Data section:
┄┄┄┄┄┄

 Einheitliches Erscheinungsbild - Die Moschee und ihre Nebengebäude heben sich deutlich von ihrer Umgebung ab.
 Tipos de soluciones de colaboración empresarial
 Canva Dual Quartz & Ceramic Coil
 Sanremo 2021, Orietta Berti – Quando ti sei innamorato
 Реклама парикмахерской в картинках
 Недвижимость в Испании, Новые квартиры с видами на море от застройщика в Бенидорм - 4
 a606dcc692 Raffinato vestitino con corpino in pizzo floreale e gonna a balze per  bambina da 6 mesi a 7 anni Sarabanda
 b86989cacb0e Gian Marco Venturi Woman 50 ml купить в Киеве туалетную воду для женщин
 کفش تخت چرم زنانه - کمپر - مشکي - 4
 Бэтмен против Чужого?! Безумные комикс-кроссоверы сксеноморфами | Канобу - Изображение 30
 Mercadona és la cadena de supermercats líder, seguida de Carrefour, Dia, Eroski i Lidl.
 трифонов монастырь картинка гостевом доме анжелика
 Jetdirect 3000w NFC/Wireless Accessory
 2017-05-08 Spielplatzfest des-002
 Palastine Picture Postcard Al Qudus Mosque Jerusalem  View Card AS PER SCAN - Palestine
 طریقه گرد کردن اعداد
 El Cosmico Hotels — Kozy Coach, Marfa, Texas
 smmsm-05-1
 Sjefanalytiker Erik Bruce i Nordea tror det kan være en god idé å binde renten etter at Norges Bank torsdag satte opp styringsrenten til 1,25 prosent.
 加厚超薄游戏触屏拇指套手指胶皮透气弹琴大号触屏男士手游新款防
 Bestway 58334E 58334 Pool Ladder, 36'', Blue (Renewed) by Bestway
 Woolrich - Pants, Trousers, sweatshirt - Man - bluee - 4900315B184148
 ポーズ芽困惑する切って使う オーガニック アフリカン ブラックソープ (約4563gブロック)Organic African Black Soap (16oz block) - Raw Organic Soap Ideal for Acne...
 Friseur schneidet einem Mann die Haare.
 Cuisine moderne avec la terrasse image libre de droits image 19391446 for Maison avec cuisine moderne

┄┄┄┄┄┄

Assigned task: Going line by line, set down the data above exactly as given.

Response area:
 Einheitliches Erscheinungsbild - Die Moschee und ihre Nebengebäude heben sich deutlich von ihrer Umgebung ab.
 Tipos de soluciones de colaboración empresarial
 Canva Dual Quartz & Ceramic Coil
 Sanremo 2021, Orietta Berti – Quando ti sei innamorato
 Реклама парикмахерской в картинках
 Недвижимость в Испании, Новые квартиры с видами на море от застройщика в Бенидорм - 4
 a606dcc692 Raffinato vestitino con corpino in pizzo floreale e gonna a balze per  bambina da 6 mesi a 7 anni Sarabanda
 b86989cacb0e Gian Marco Venturi Woman 50 ml купить в Киеве туалетную воду для женщин
 کفش تخت چرم زنانه - کمپر - مشکي - 4
 Бэтмен против Чужого?! Безумные комикс-кроссоверы сксеноморфами | Канобу - Изображение 30
 Mercadona és la cadena de supermercats líder, seguida de Carrefour, Dia, Eroski i Lidl.
 трифонов монастырь картинка гостевом доме анжелика
 Jetdirect 3000w NFC/Wireless Accessory
 2017-05-08 Spielplatzfest des-002
 Palastine Picture Postcard Al Qudus Mosque Jerusalem  View Card AS PER SCAN - Palestine
 طریقه گرد کردن اعداد
 El Cosmico Hotels — Kozy Coach, Marfa, Texas
 smmsm-05-1
 Sjefanalytiker Erik Bruce i Nordea tror det kan være en god idé å binde renten etter at Norges Bank torsdag satte opp styringsrenten til 1,25 prosent.
 加厚超薄游戏触屏拇指套手指胶皮透气弹琴大号触屏男士手游新款防
 Bestway 58334E 58334 Pool Ladder, 36'', Blue (Renewed) by Bestway
 Woolrich - Pants, Trousers, sweatshirt - Man - bluee - 4900315B184148
 ポーズ芽困惑する切って使う オーガニック アフリカン ブラックソープ (約4563gブロック)Organic African Black Soap (16oz block) - Raw Organic Soap Ideal for Acne...
 Friseur schneidet einem Mann die Haare.
 Cuisine moderne avec la terrasse image libre de droits image 19391446 for Maison avec cuisine moderne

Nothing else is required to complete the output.